ÓSCAR volver al indice
 

     Durante el viaje, mis desconocidos compañeros de departamento estuvieron hablando mucho rato de un óscar, de otro óscar, de muchos óscares. De Hollywood, claro.
     Me sorprendí sonriendo. Porque pensé inmediatamente en mi Óscar.

     De la casa de enfrente sólo conozco de visu, aparte las tejas y la antena del televisor, un gato que se pasea olímpicamente por el tejado. Color chocolate claro, con franjas blancas. Pero de auditu y ya «de corazón» está mi Óscar.
     Vive a unos once metros de mi ventana. Nunca le he visto. Sólo le oigo llorar a ratos, pocos, y sobre todo le siento presente a través de la voz caliente de su madre: «Óscar», «Óscar», «Óscar»... y así —no exagero— hasta diez, quince veces por minuto. Que a la hora, en los buenos días, alcanza la no despreciable cota de 900 óscares.
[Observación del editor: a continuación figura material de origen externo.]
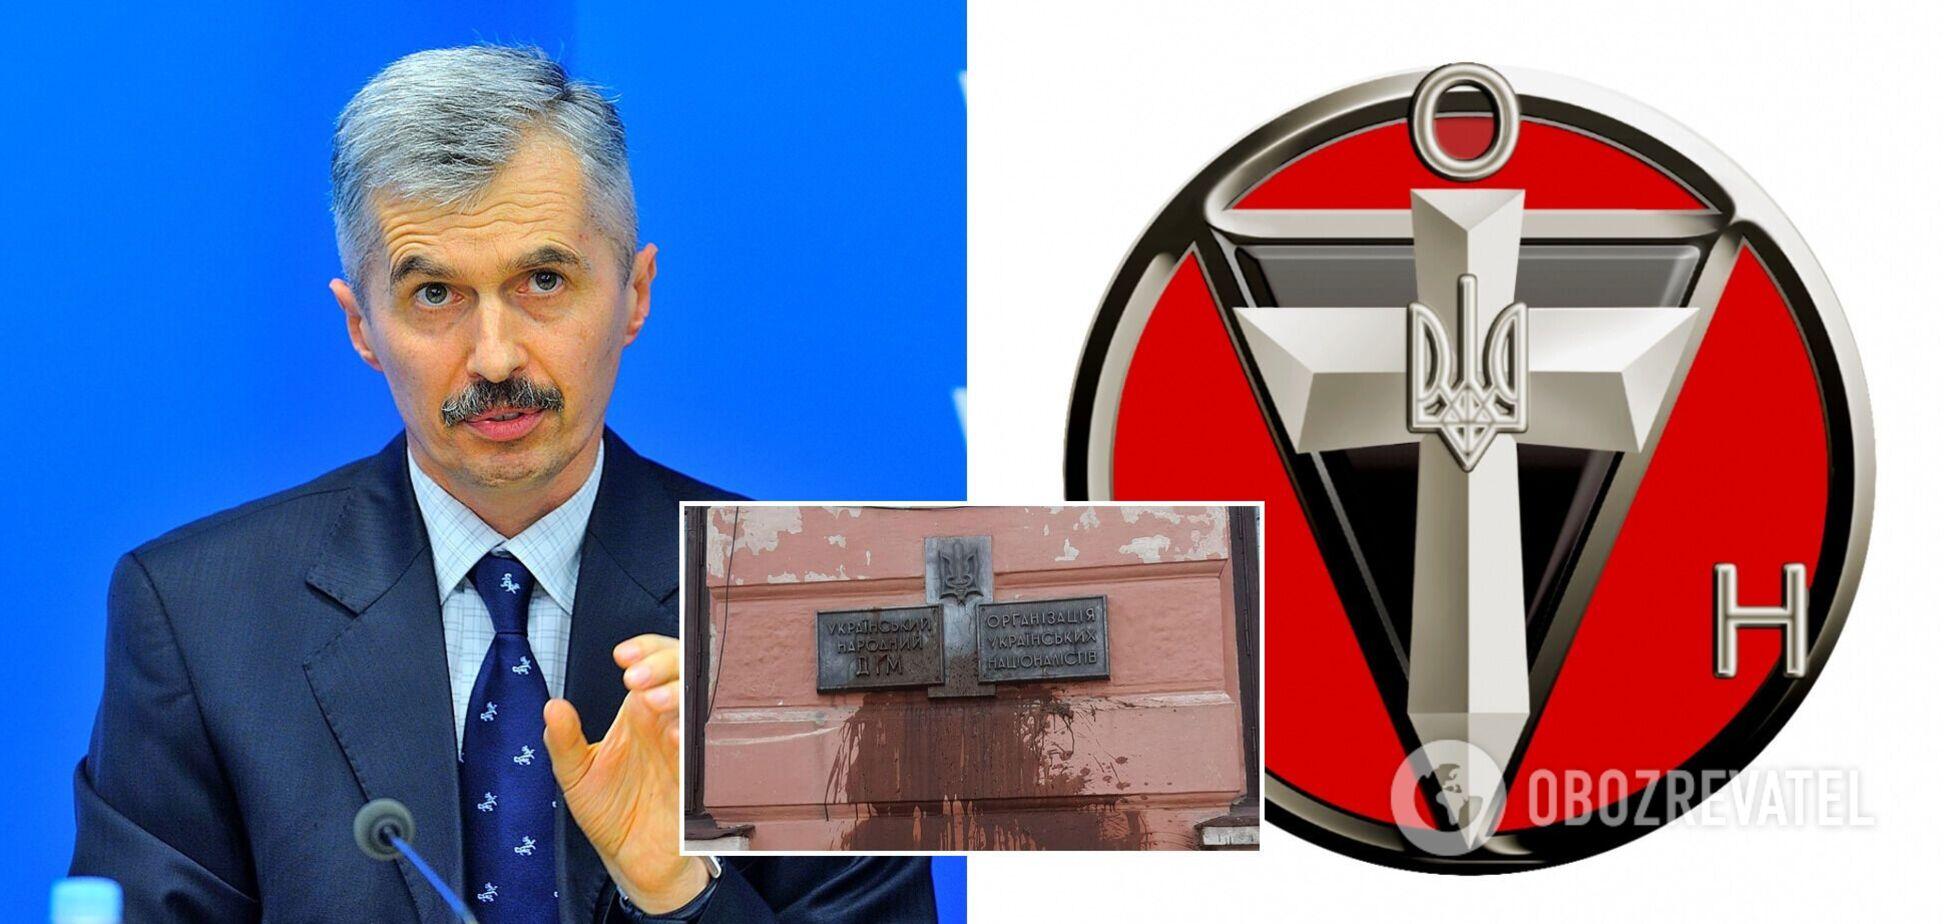 Богдан Червак сообщил об осквернении фасада Народного дома

     Cuando rezo «laudes» o «vísperas» al llegar al final, junto al recuerdo por la paz del mundo, por la libertad de los hombres, por mi madre la Iglesia, introduzco —cuesta poco— el recuerdo del pequeño. Y le digo a Dios: «para que Óscar crezca», «para que cuando Óscar tire piedras nunca apunte a mi ventana», «para que Óscar no pesque ningún catarro»...
     Aparentemente estas invocaciones contrastan con las otras, aquéllas en latín, éstas mirando en frente. Pero quizá sólo aparentemente, porque en realidad el mundo, los hombres, la Iglesia sólo existan a través de los óscares, perdón, de mi Óscar y la voz infinita de su madre.